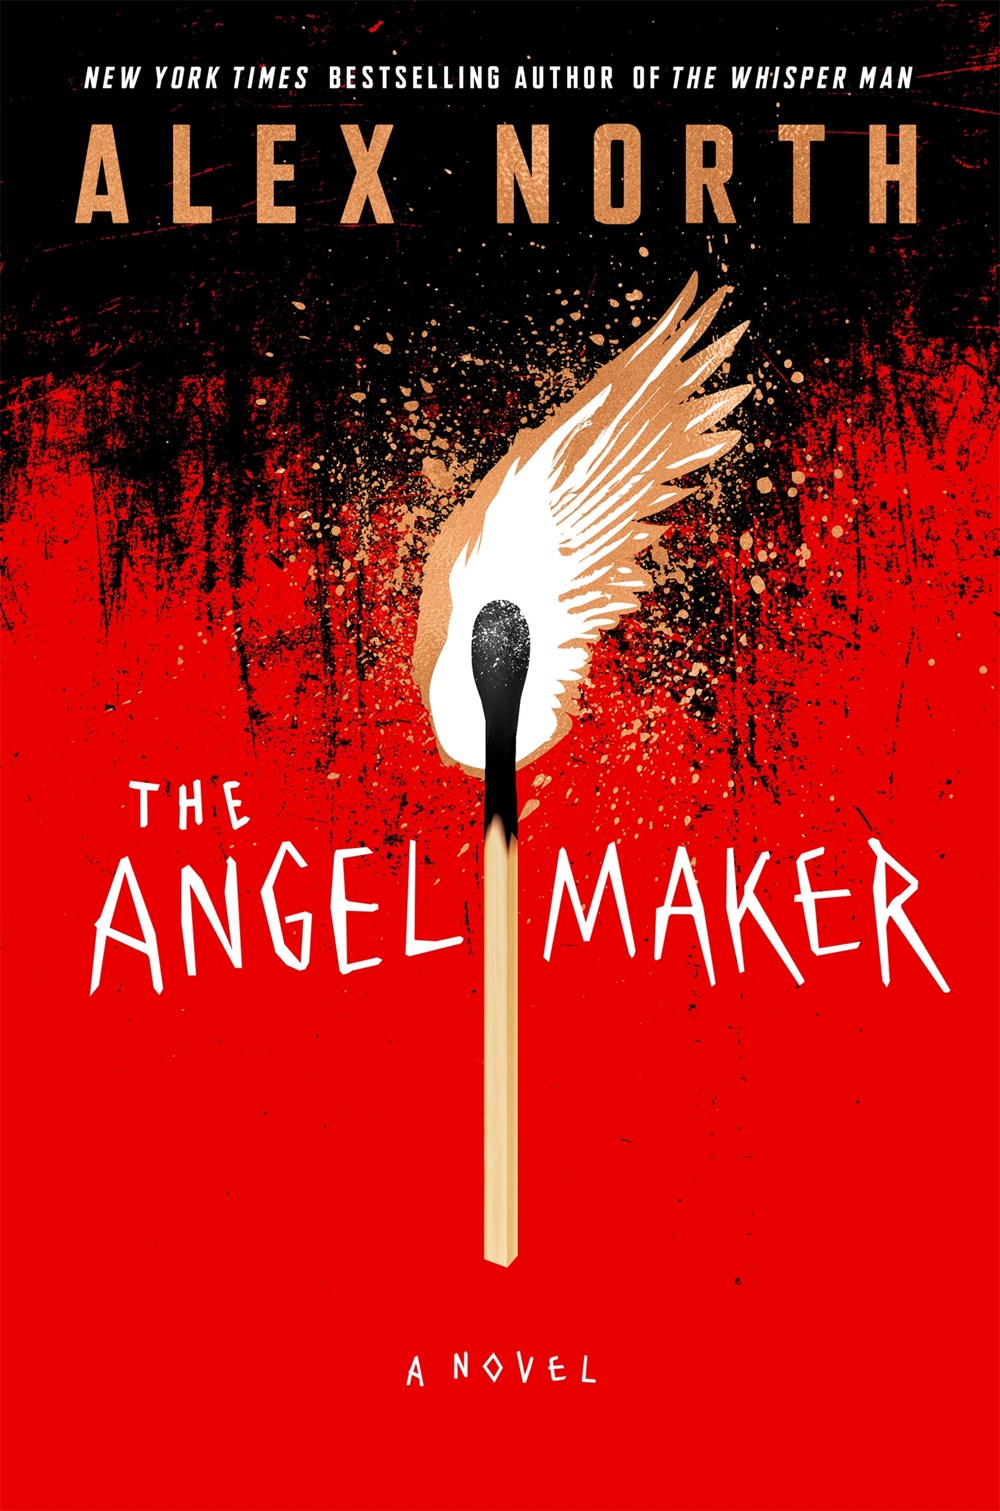 Image of "The Angel Maker"
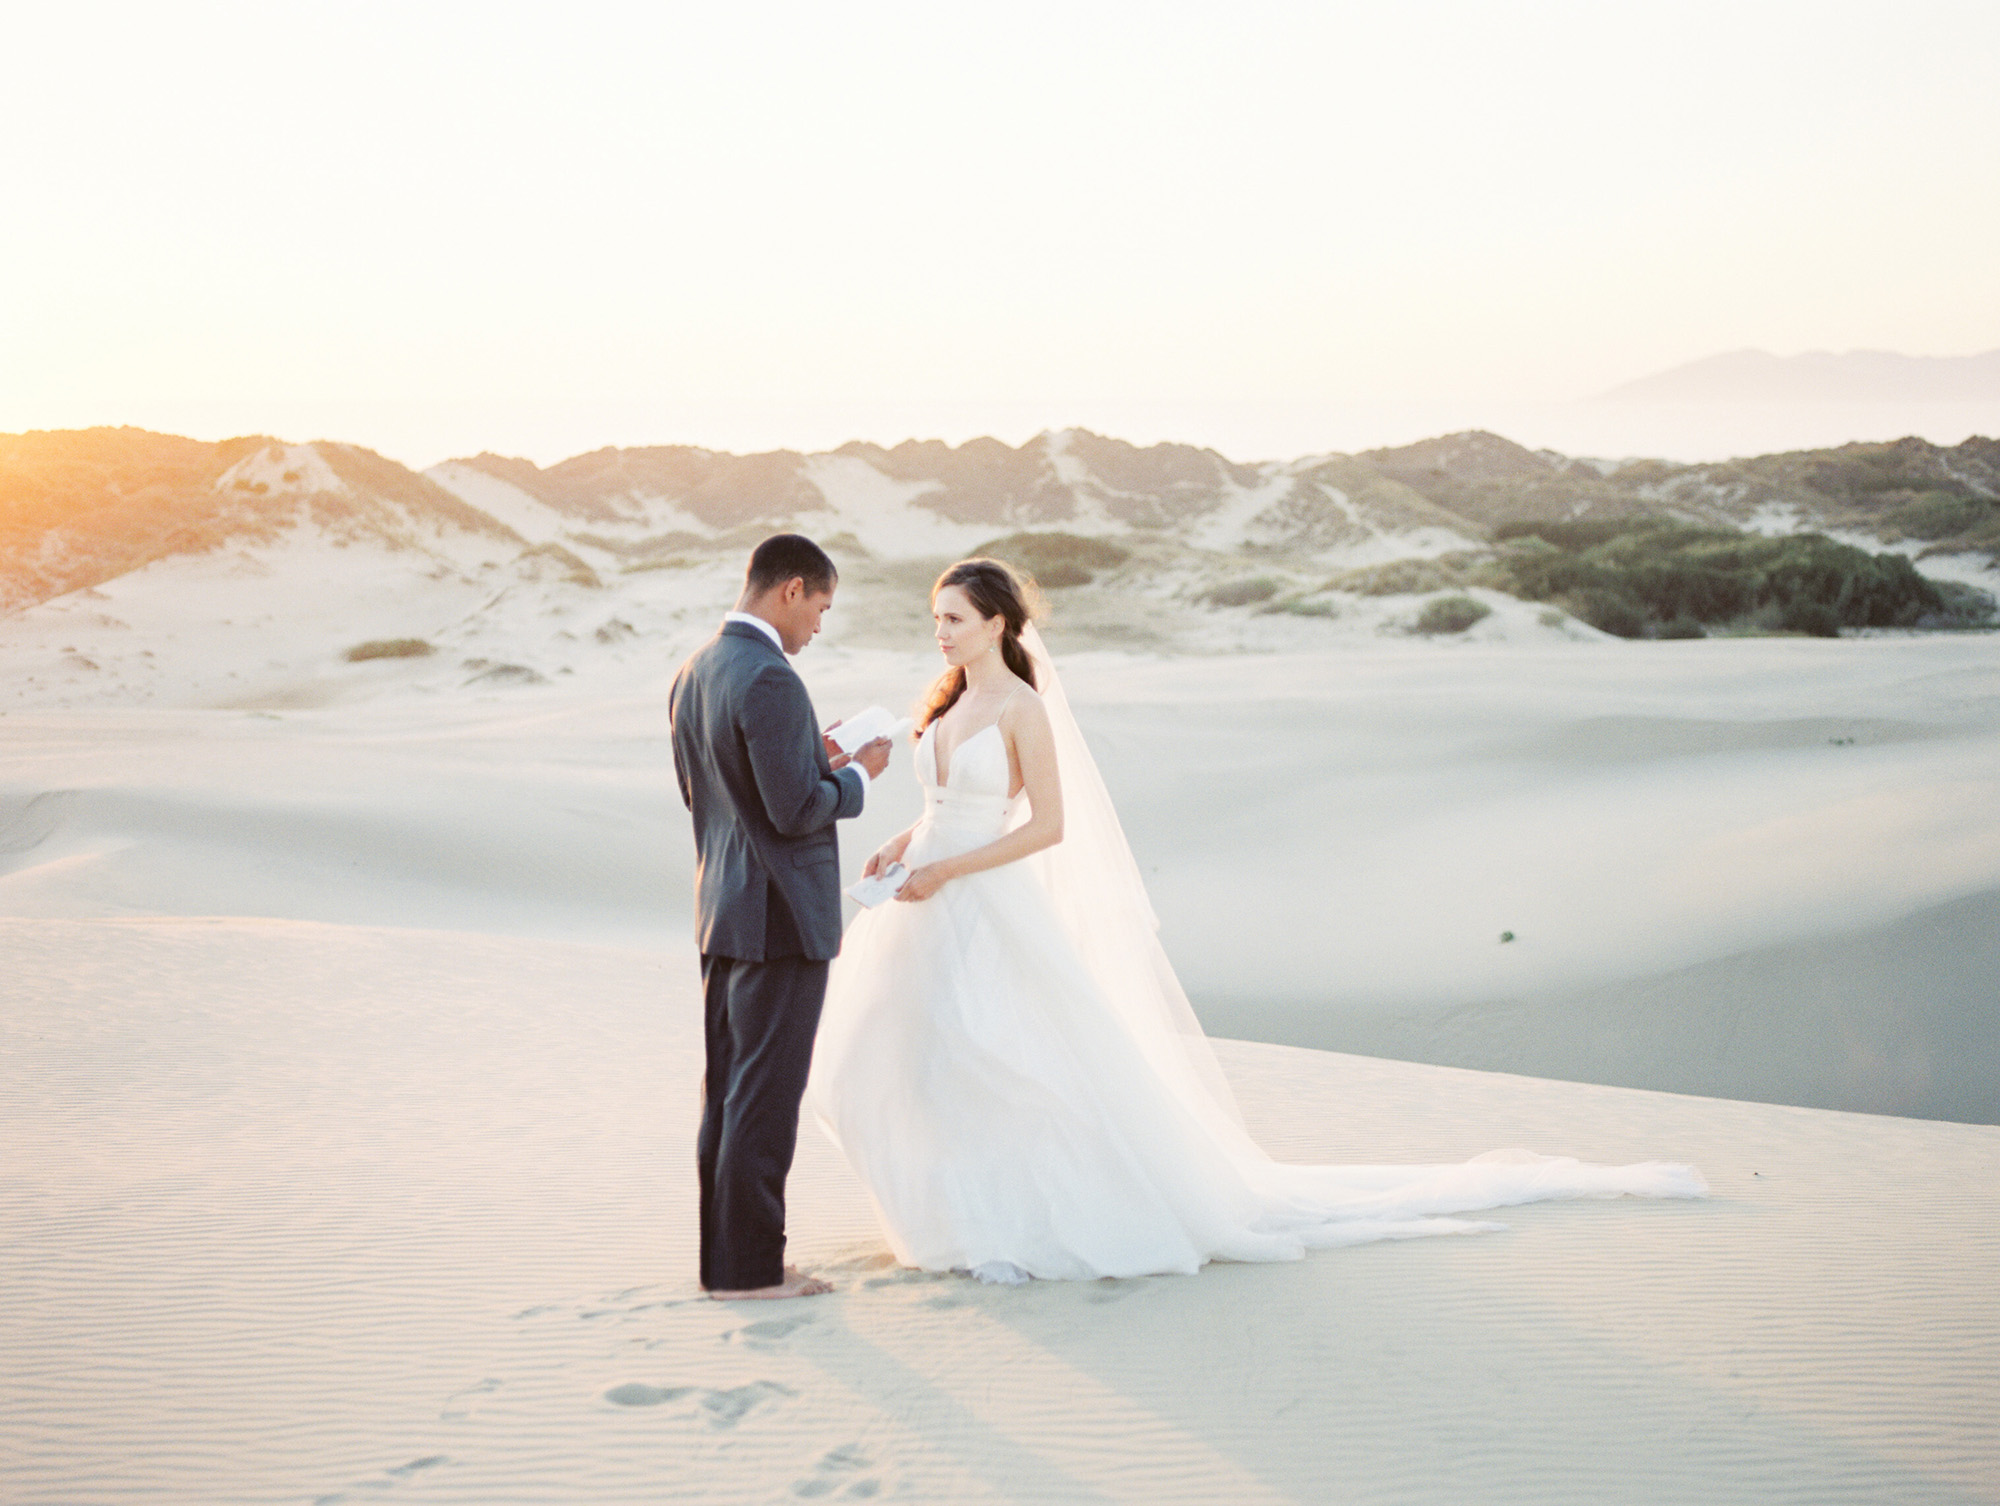 Santa Barbara elopement locations by California wedding photographer Tenth & Grace.
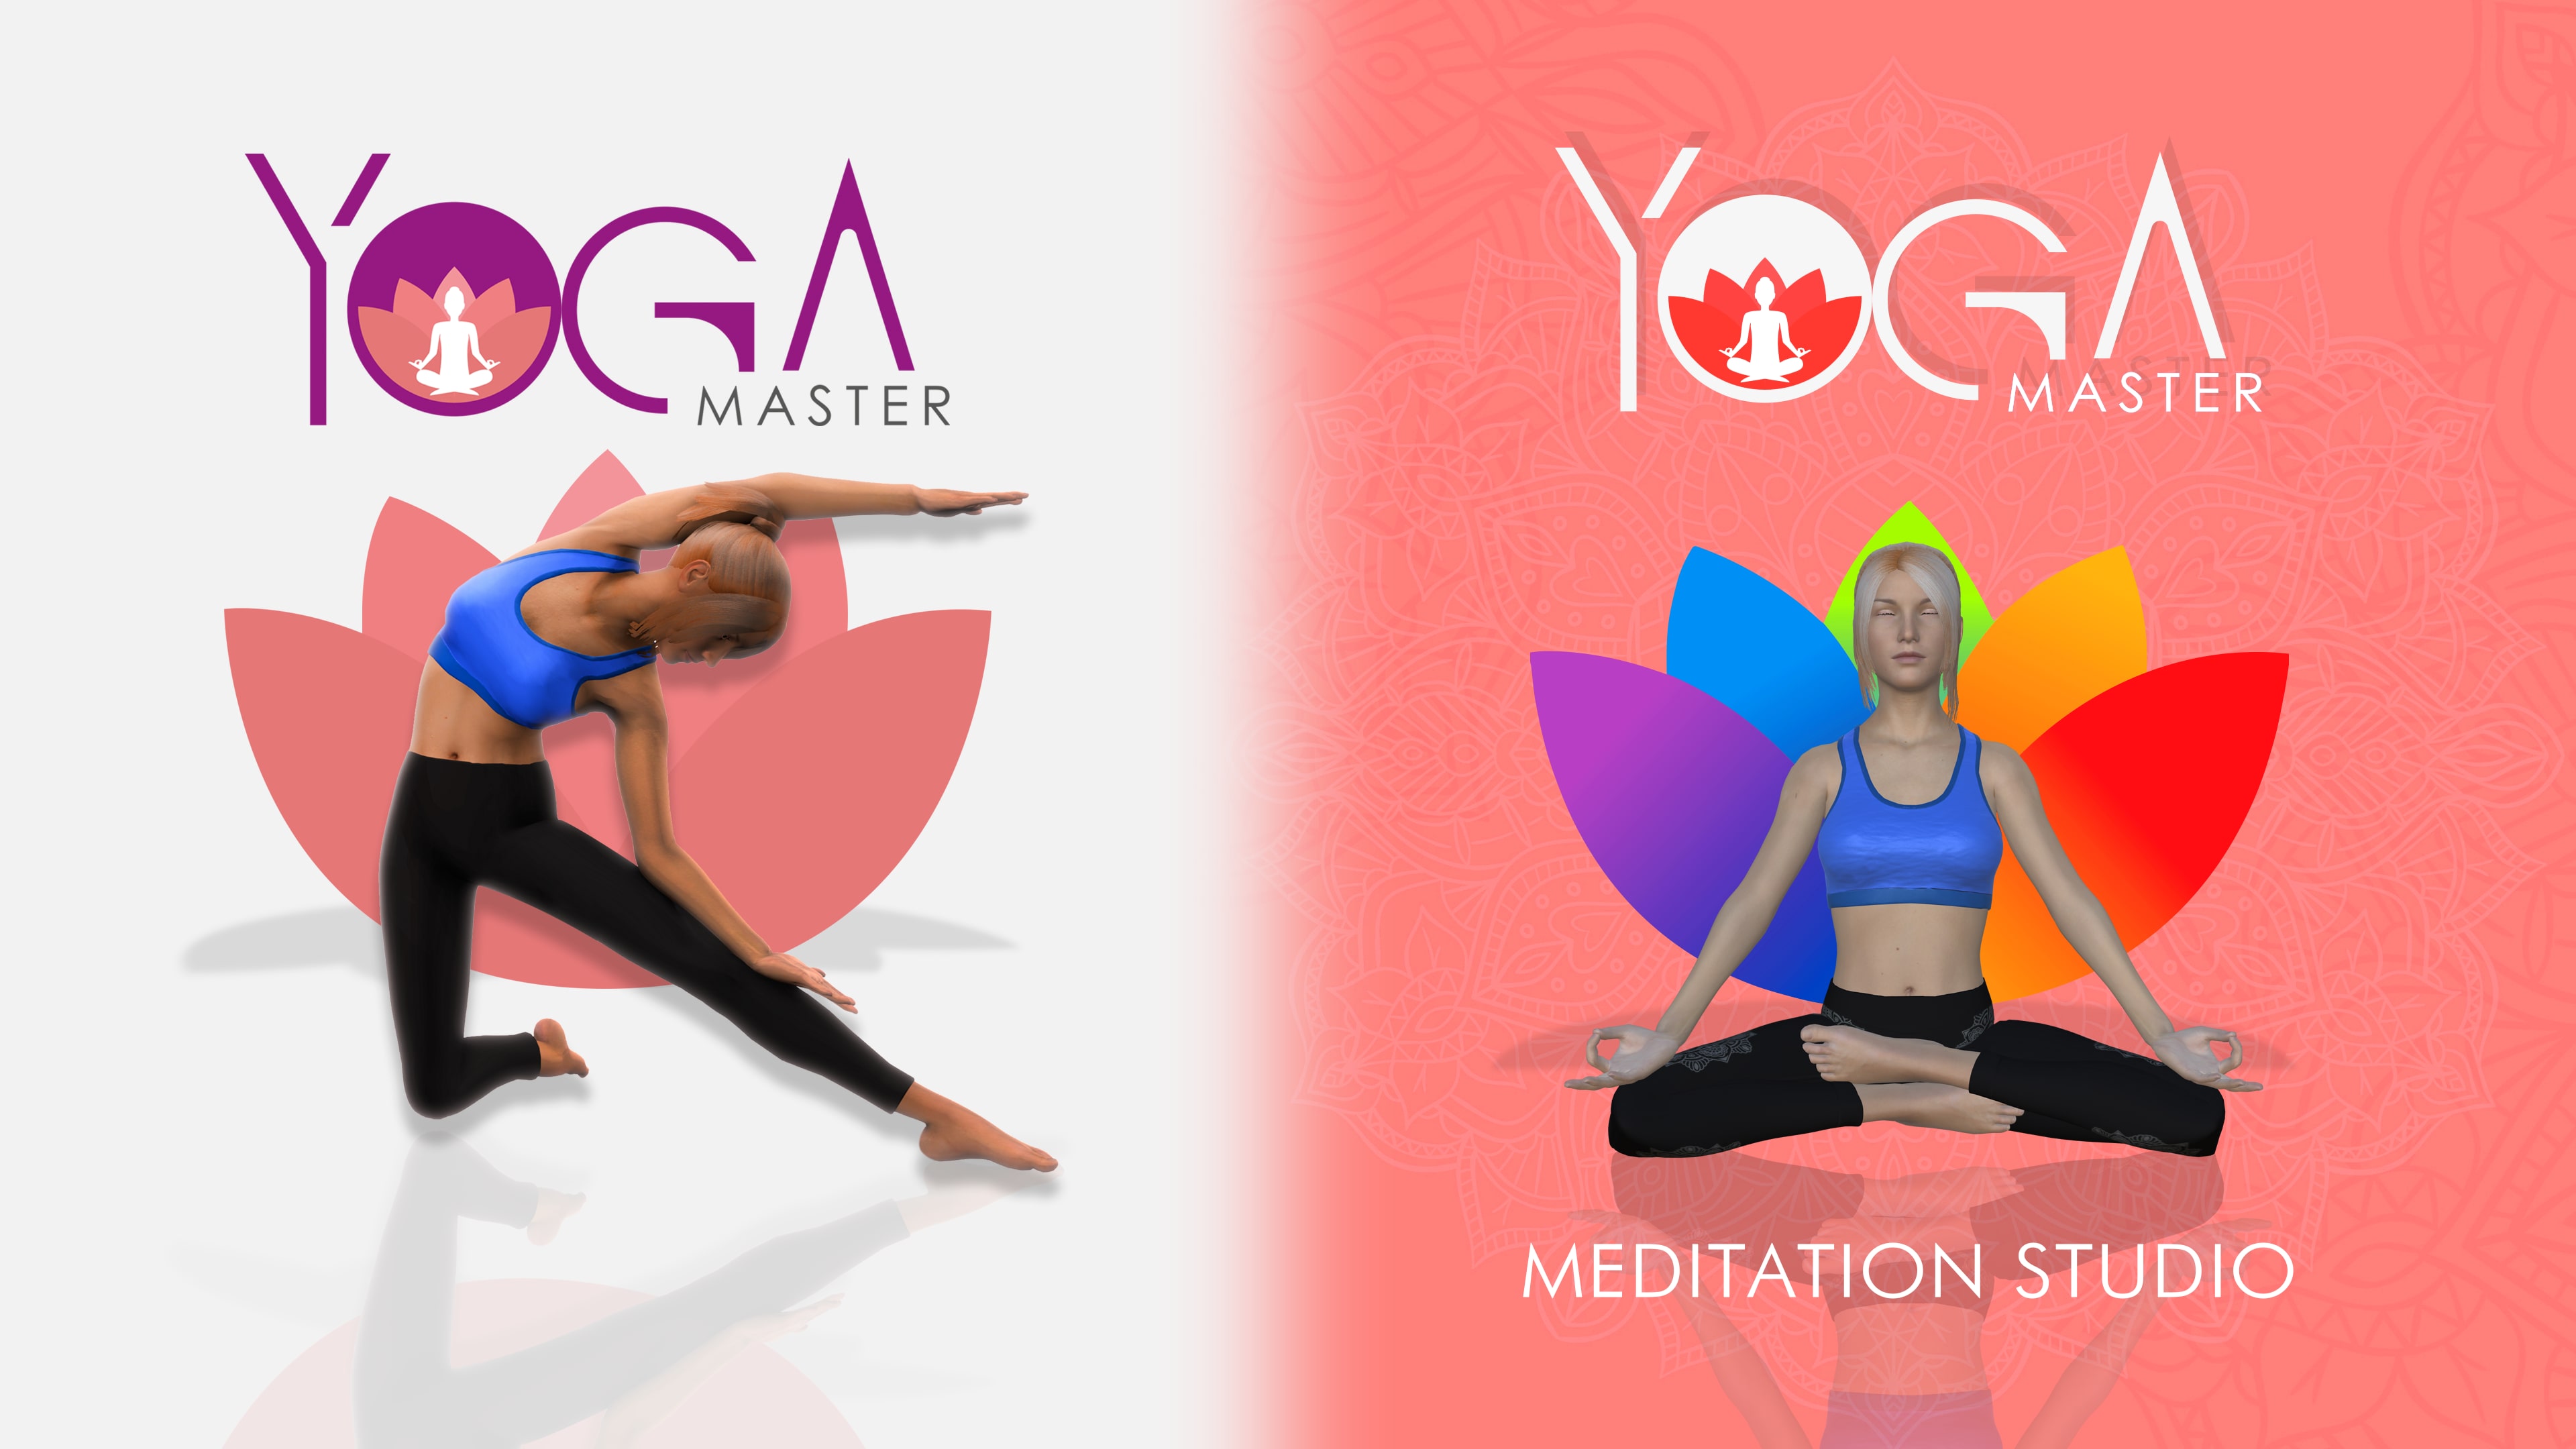 YOGA MASTER - Meditation Studio Bundle
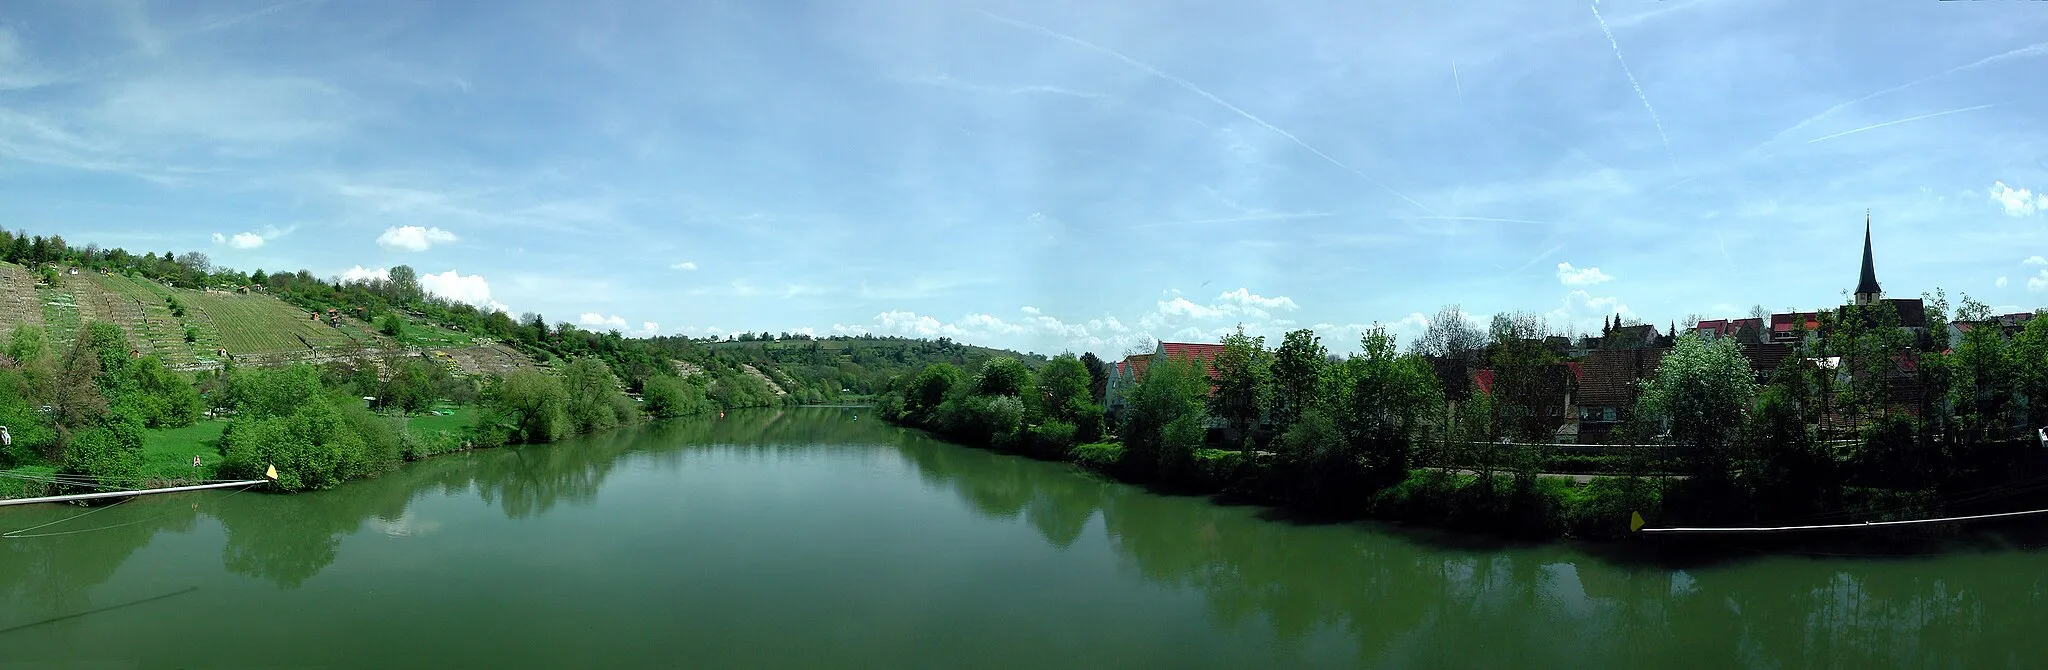 Image of Benningen am Neckar

Prompt »
Transcribe the material above word for word; images do not belong in the copy.

Solved problem »
 Image of "The Angel Maker"
 Santa Barbara elopement locations by California wedding photographer Tenth & Grace.
 YOGA MASTER - Meditation Studio Bundle
 Image of Benningen am Neckar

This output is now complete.